The Waiting Room – Benjamin Ray

The Waiting Room
Ghostly International, 2013
Reviewed by Benjamin Ray
Published on Feb 9, 2005

The challenge with any Christian band is to sound appealing to a
mainstream audience while having a message pure enough to appeal to
Christians.

It’s not as easy as it sounds. Members with Christians are not
Christian bands per se, like Chevelle and U2, while those who have
had crossover success have their faith called into question, like
Amy Grant and P.O.D.

It is highly unlikely that Poor Old Lu will ever reach a degree
of success, which is a shame, because they sound great. Longtime
fans of the group may resist
The Waiting Room, their newest release, but anyone new to
the band will notice the made-for-radio songs.

Taking five years off from recording, the Seattle quartet
learned how to produce, and the songs here could easily fit
alongside Puddle of Mudd and 3 Doors Down on rock radio. As with
most modern rock, though, the emphasis is on power chords and
angst-ridden vocals, not guitar pyrotechnics and drum solos (oh,
how I miss the ’70s, and I was born in 1983).

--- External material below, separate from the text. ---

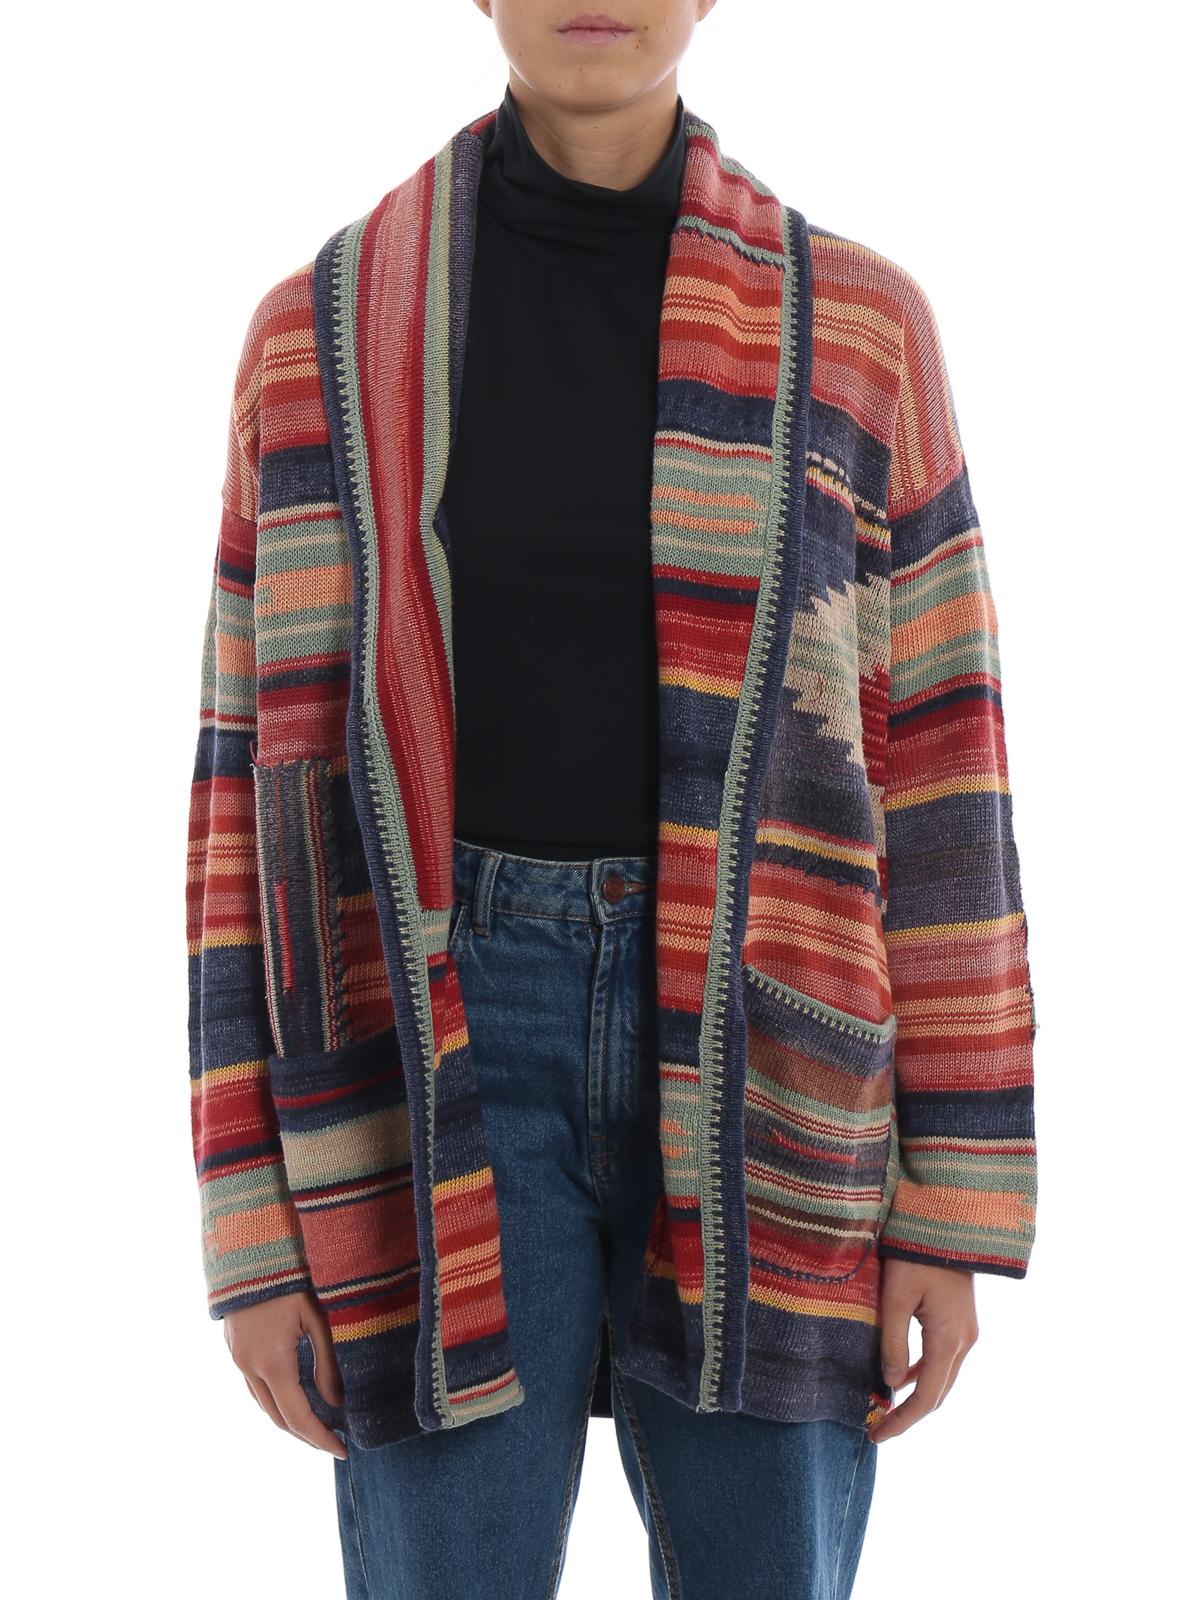 Ralph Polo Multicolore Lauren 211704993001 Cardigans Cardigan xedCroB

Anyway, there is not much here to distinguish this record from
similar-sounding peers, which means if you like what’s on rock
radio, you will like this. The group shows some restraint in the
vocals, never resorting to screaming or rapping; lyrically, lines
like “I hope for strength to stand / I hope to be the man that I
should be” pepper the album with more emotion than usual for this
type of band, but less than Poor Old Lu has offered in the past
(check out their 1998 song “Rail” for an example.)

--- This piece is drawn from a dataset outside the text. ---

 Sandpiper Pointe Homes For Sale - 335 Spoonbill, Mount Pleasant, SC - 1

There are small flourishes here and there that pique interest —
the U2-sounding introduction to “Sunlight and Shadows,” the funky
instrumental “Interlude,” the acoustic moodiness of “Praying” —
and the music is never explicitly Christian or mainstream. Which is
good news to fans of this sound, but falling in the middle of the
scale is a dangerous ground to walk, and Poor Old Lu needs a little
more to offer before they attempt it.